LITTLETON, N.H. — For the past 41 years, Elzey and Elaine Burkham ran Burkham Construction, a contracting firm performing residential, new construction, and renovation work in Campton, New Hampshire, on the southern edge of the White Mountains. They dreamed of retiring to a cabin they would construct near their beloved mountains. In anticipation of that day, they built a cabin in Littleton, New Hampshire, on the northern edge of the White Mountains, which they called their little slice of heaven on earth. They planned to live there with their German short-haired pointer named Tikka. In February, Elzey Burkham slipped on the ice and broke his hip. For four months, he struggled with pain and doctors told him he needed a new hip. He had hip replacement surgery on June 20, 2016, but on July 6, doctors discovered an infection and put him on antibiotics. A week later the redness was gone, but Elzey was running a temperature. He was advised to go to the emergency room, and when he did, he told the doctor that his legs were going numb. He was admitted to the hospital, and was transferred the next day to a Regional Medical Center.

The infection had done its damage, and Elzey woke up paralyzed from the chest down on July 16.

Extensive tests were run both at the Regional Medical Center as well as at a rehab facility in Massachusetts, but they were inconclusive. Doctors simply could not explain what had happened, and the Burkham’s were left to figure out how to live with paralysis. That also meant Elzey had to close his business much sooner than he’d wished to do so. The pair was immediately faced with unanticipated needs that were not covered by insurance, such as outfitting their Chevy suburban with driving controls, having a ramp installed on their cabin, widening doors and remodeling the bathroom, and installing a ceiling-based Hoyer lift to help Elzie navigate from his bed to his wheelchair. The lift was important because Elaine had mastectomies due to breast cancer in November 2015, so she had to be cautious about lifting weight. With his income reduced to Social Security disability

and a small monthly stipend from a long-term disability policy the pair began pulling from its retirement savings to help fund these items. They also read about the Joseph Groh foundation from the Christopher and Dana Reeve Foundation website. They petitioned the foundation for assistance with the ceiling based Hoyer lift.

Thanks to the foundation’s gracious donors, Elzey and Elaine’s requests were met.

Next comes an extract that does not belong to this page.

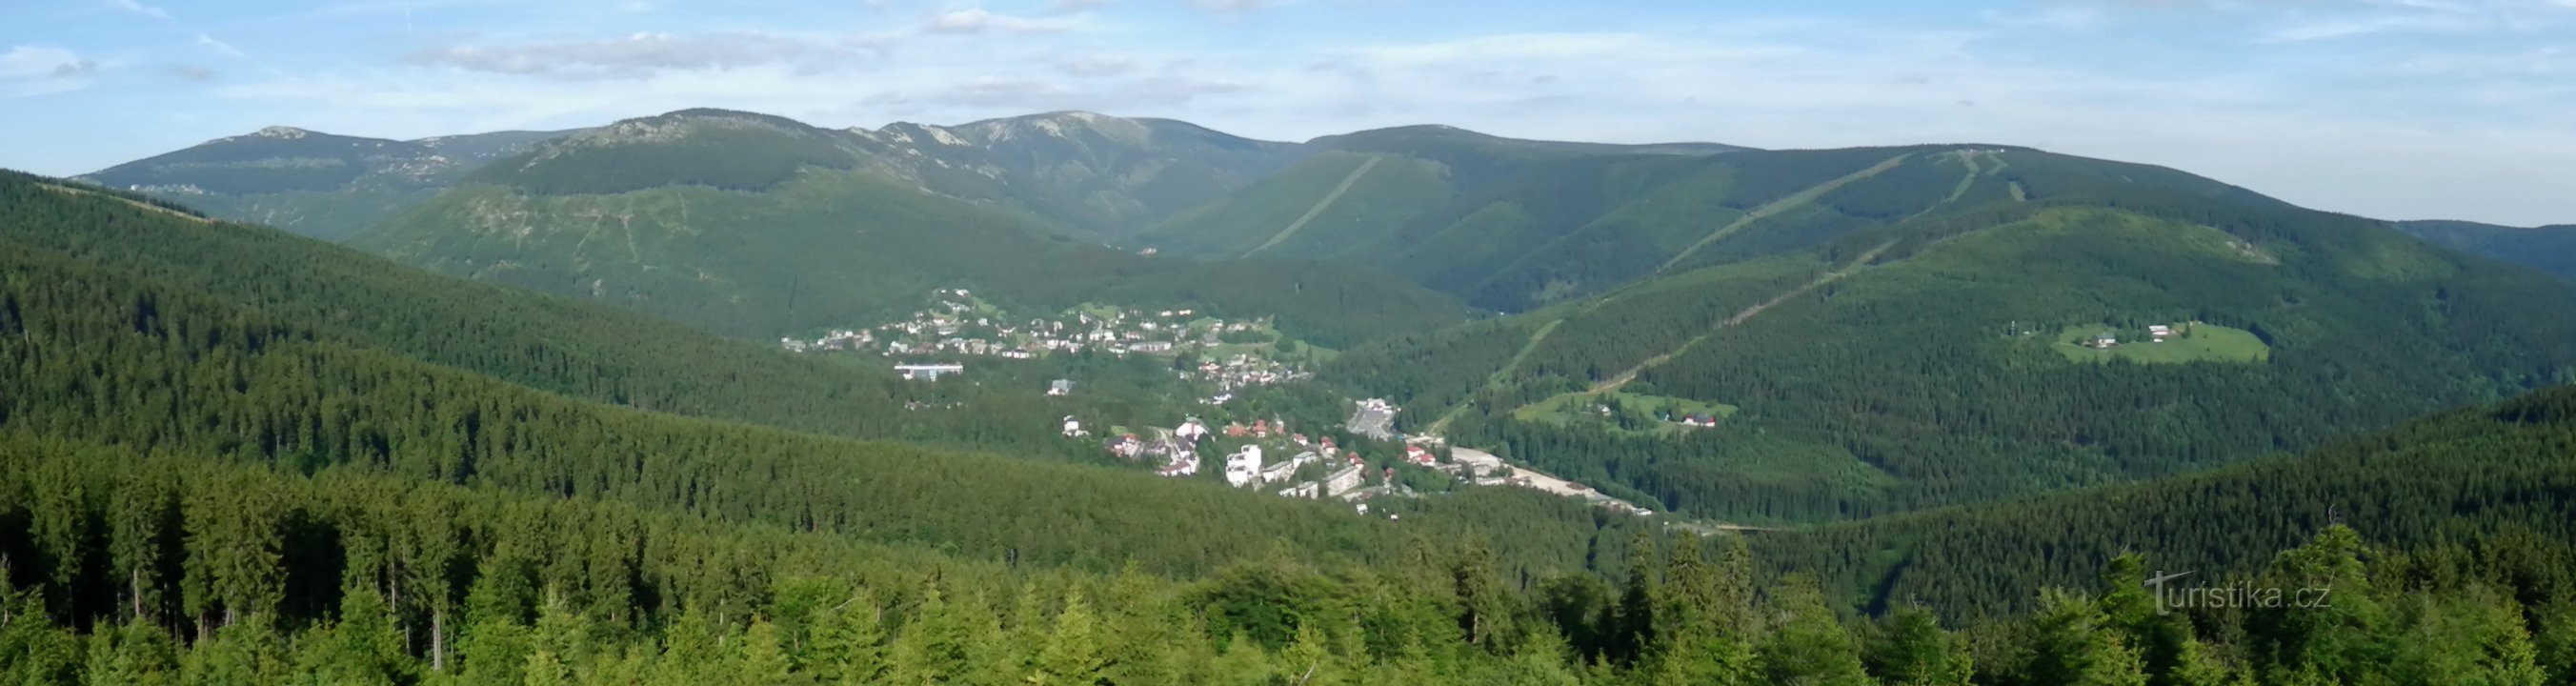 Panoramautsikt från Harrach's Rock (från Malé Špičák till Hromovka), nedanför
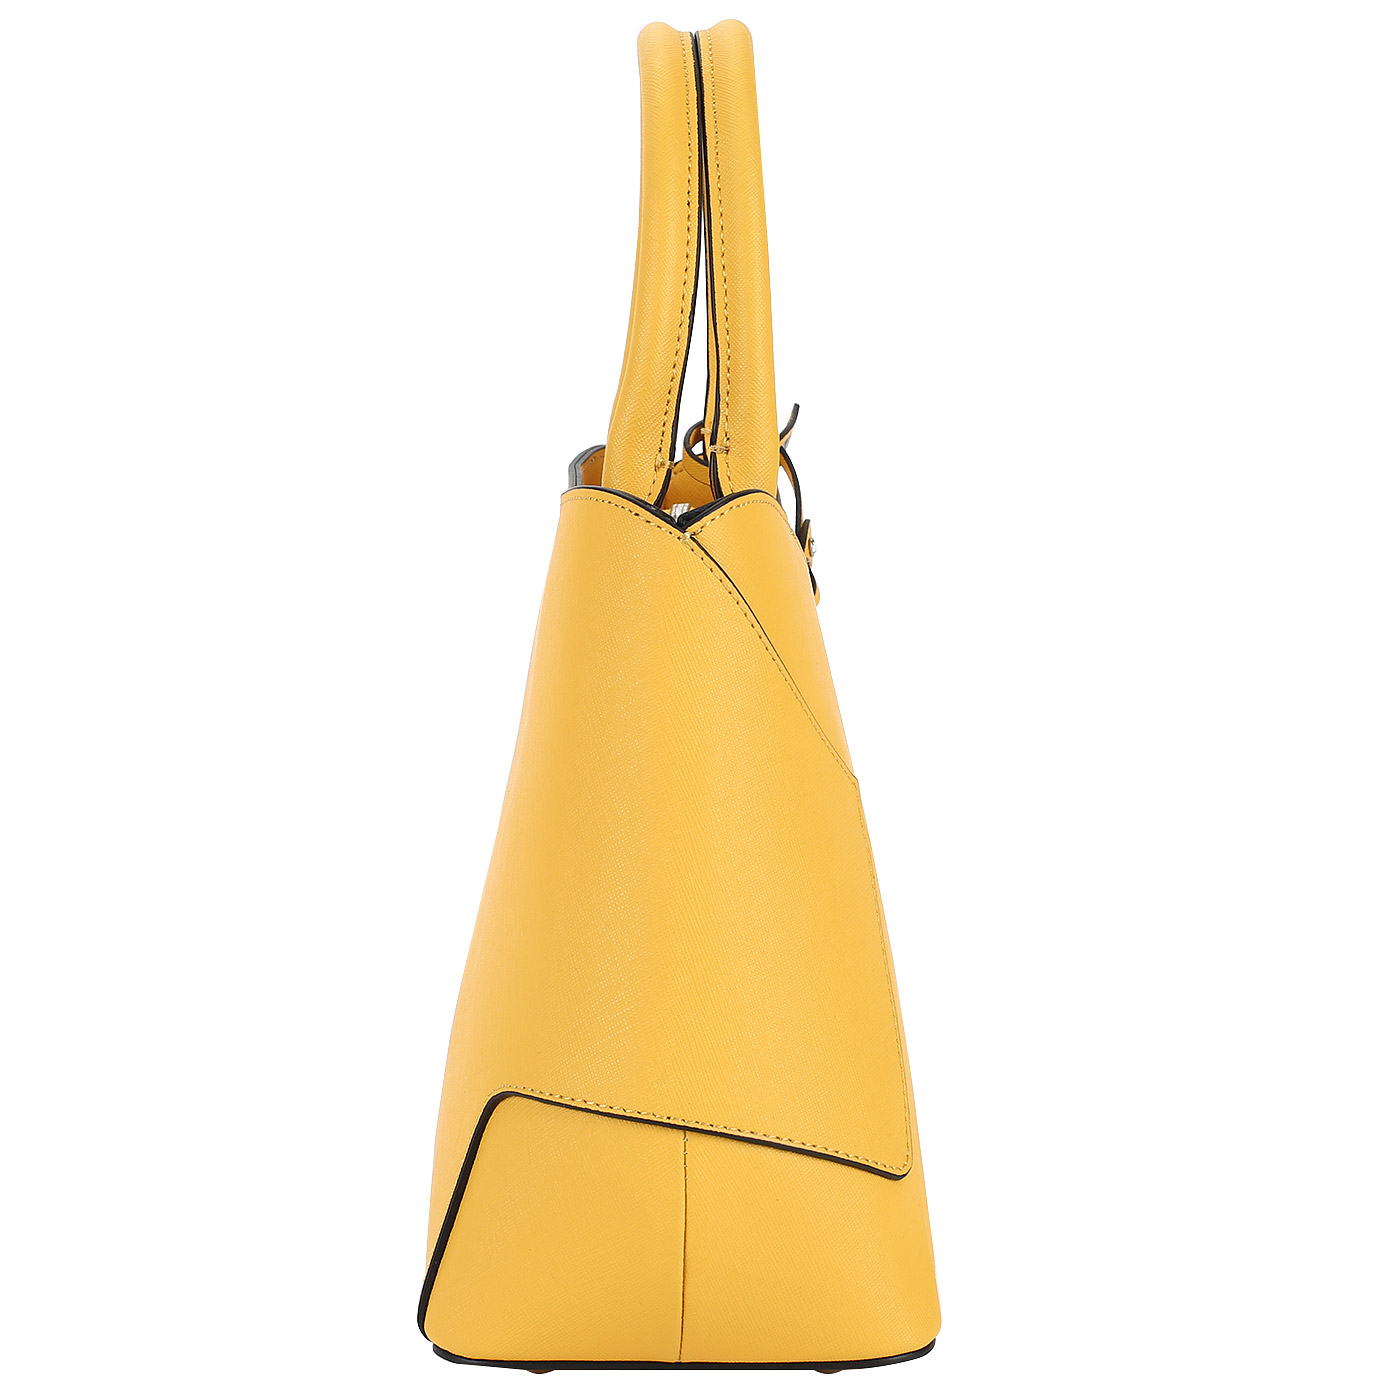 Женская сумка из сафьяна Cromia Wisper

The Burkham’s have retained an attorney, who is determining whether they have a legal case, — even though they realize it is very unlikely any doctor will testify it was the surgery that caused the paralysis. Meanwhile, Elzey continues to rehab in order to regain as much strength and function as possible. After the lift was installed, Elaine wrote and said “You have no idea how this lift has changed our lives. It has made a very difficult situation easier to handle.”